You're right--every city has its share of air pollution, and it can vary according to type of pollutant, neighborhood, street and even time of day.

Overall, though, Portland does have some of the best overall air quality for a US city. Compared to the other cities out of the 50 largest in the US, Portland ranked number 2 (after Honolulu) in 2005. We based this ranking on data from the US EPA that measures five major pollutants: carbon monoxide, sulfur dioxide, particulates (soot, etc.), nitrogen dioxides and ground-level ozone (smog).

Portland's overall average Air Quality Index was the second lowest of 50 cities (the lower it is, the cleaner the air), and it had no violations of the Clean Air Act in any of the five pollutant categories during 2005.

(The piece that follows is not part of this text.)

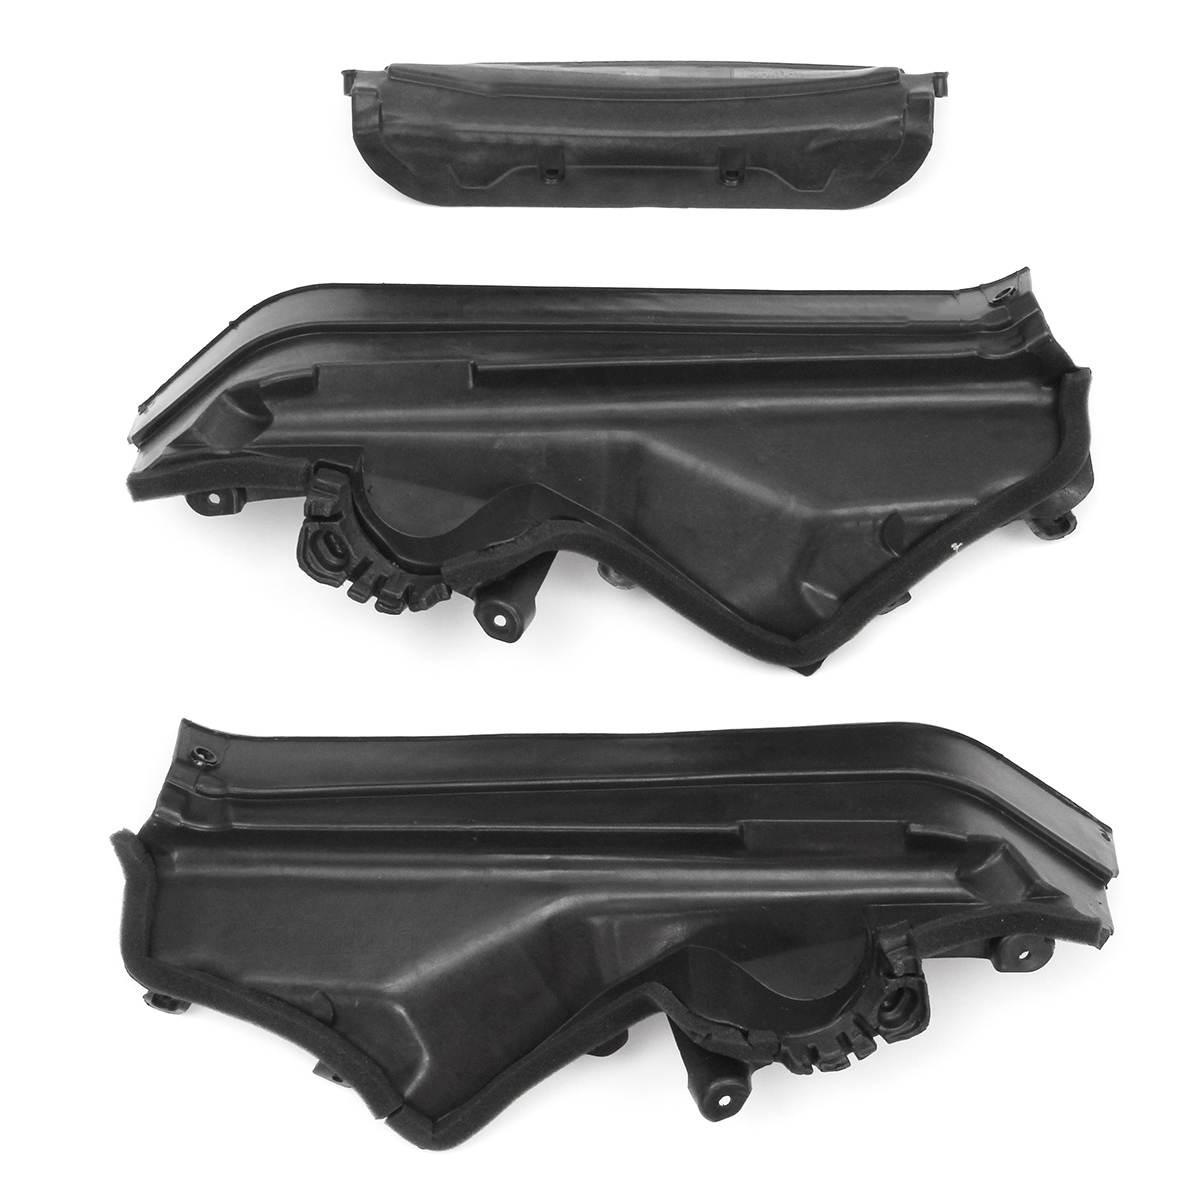 באיכות גבוהה 3pcs רכב מנוע עליון תא מחיצת פנל סט עבור BMW X5 X6 E70 E71 E72 51717169419 51717169420 51717169421

That said, Benzene, a component of all gasoline, is a major air pollution health concern that will soon be more regulated more strictly by the EPA by 2011. The Northwest and Rocky Mountain states will soon be getting gasoline to match the reformulated gasoline with lower benzene levels that is already in use in places like California, Chicago and the Northeast.


Jaasmeen Hamed

I am a college student researching cities within the US that have green zoning standards. Would you please help me locate this information?


How exactly are you coming to these rankings?